Fig. 13.—Relative volumes of the solid crust and liquid mass of the globe.

Admitting, for the present, that the terrestrial crust is only thirty miles in thickness, we can express in a familiar, but very intelligible fashion, the actual relation between the dimensions of the liquid nucleus and the solid crust of the earth. If we imagine the earth to be an orange, a tolerably thick sheet of paper applied to its surface will then represent, approximately, the thickness of the solid crust which now envelopes the globe. [Fig. 13] will enable us to appreciate this fact still more correctly. The terrestrial sphere having a mean diameter of 7,912 miles, or a mean radius of 3,956 miles, and a solid crust about thirty miles thick, which is 1260 of the diameter, or 1130 of the radius, the engraving may be presumed to represent these proportions with sufficient accuracy.
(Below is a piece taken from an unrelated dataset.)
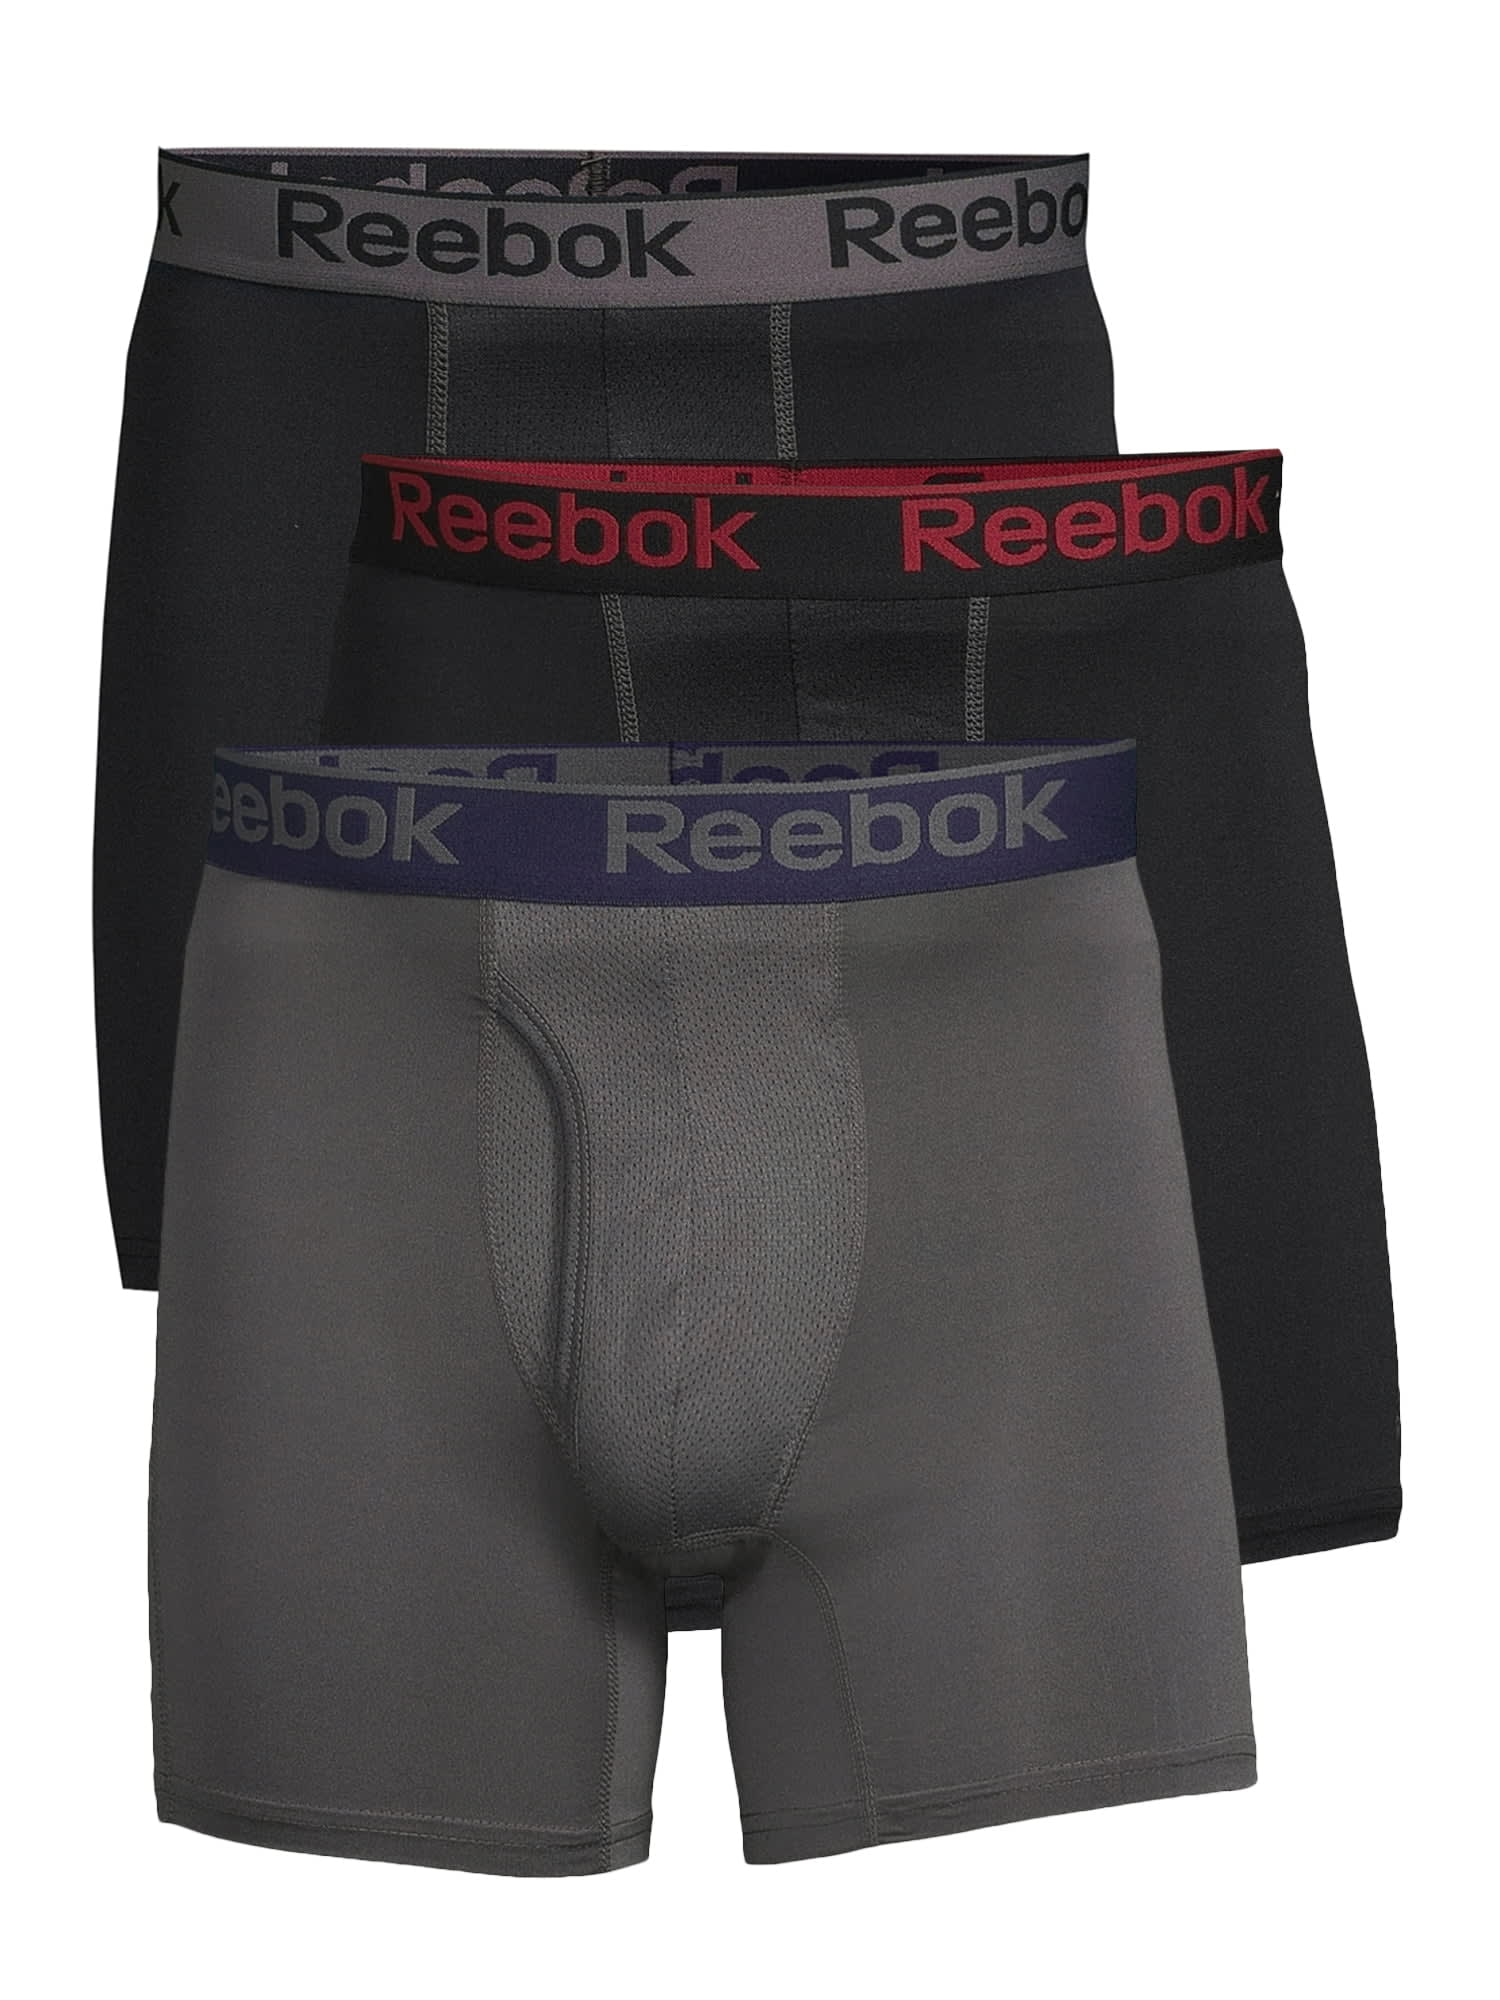 Reebok Men's Underwear boxer brief

To determine, even approximately, the time such a vast body would take in cooling, so as to permit of the formation of a solid crust, or to fix the duration of the transformations which we are describing, would be an impossible task.
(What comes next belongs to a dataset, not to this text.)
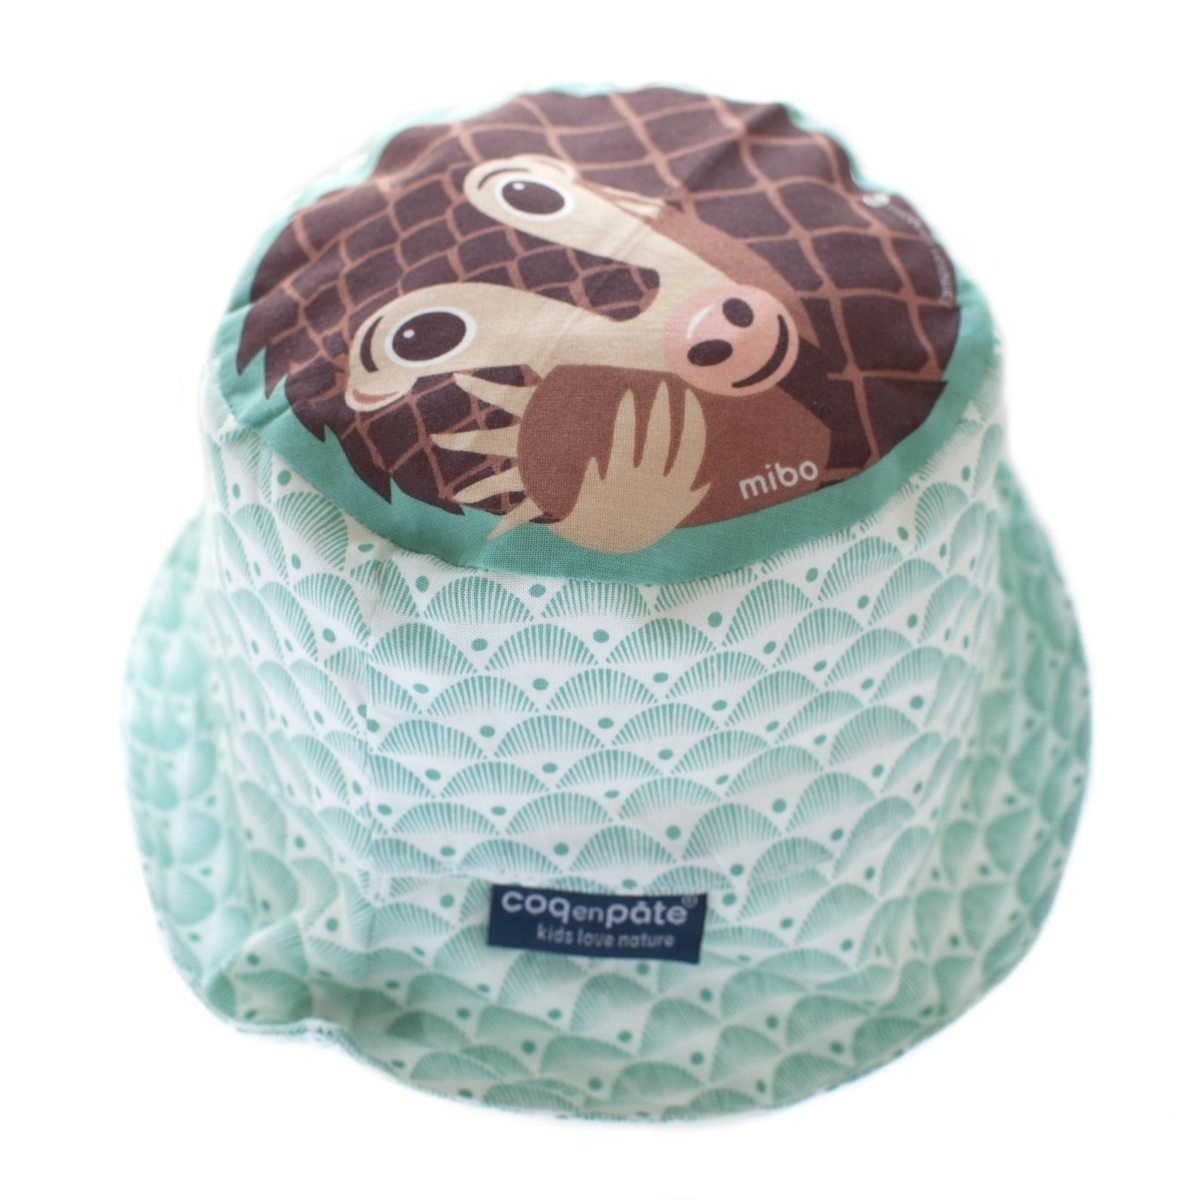 COQ EN PATE Sonnenhut Farbenfroher Kinder-Hut mit Tiermotiven und Mustern Sonnenschutz Schuppentier - Größe: M

Fig. 14.—Formation of primitive granitic mountains.

The first terrestrial crust formed, as indicated, would be incapable of resisting the waves of the ocean of internal fire, which would be depressed and raised up at its daily flux and reflux in obedience to the attraction of the sun and moon. Who can trace, even in imagination, the fearful rendings, the gigantic inundations, which would result from these movements! Who would dare to paint the sublime horrors of these first mysterious convulsions of the globe! Amid torrents of molten matter, mixed with gases, upheaving and piercing the scarcely consolidated crust, large crevices would be opened, and through these gaping cracks waves of liquid granite would be ejected, and then left to cool and consolidate on the surface. [Fig. 14] represents the formation of a primitive granitic mountain, by the eruption of the internal granitic matter which forces its way to the surface through a fracture in the crust. In some of these mountains, Ben Nevis for example, three different stages of the eruption can be traced. “Ben Nevis, now the undoubted monarch of the Scottish mountains,” says Nicol, “shows well the diverse age and relations of igneous rocks. The Great Moor from Inverlochy and Fort William to the foot of the hill is gneiss. Breaking through, and partly resting on the gneiss is granite, forming the lower two-thirds of the mountain up to the small tarn on the shoulder of the hill. Higher still is the huge prism of porphyry, rising steep and rugged all around.” In this manner would the first mountains be formed. In this way, also, might some metallic veins be ejected through the smaller openings, true injections of eruptive matter produced from the interior of the globe, traversing the primitive rocks and constituting the precious depository of metals, such as copper, zinc, antimony, and lead. [Fig. 15] represents the internal structure of some of these metallic veins. In this case the fracture is only a fissure in the rock, which soon became filled with injected matter, often of different kinds, which in crystallising would completely fill the hollow of this cleft, or crack; but sometimes forming cavities or geodes as a result of the contraction of the mass.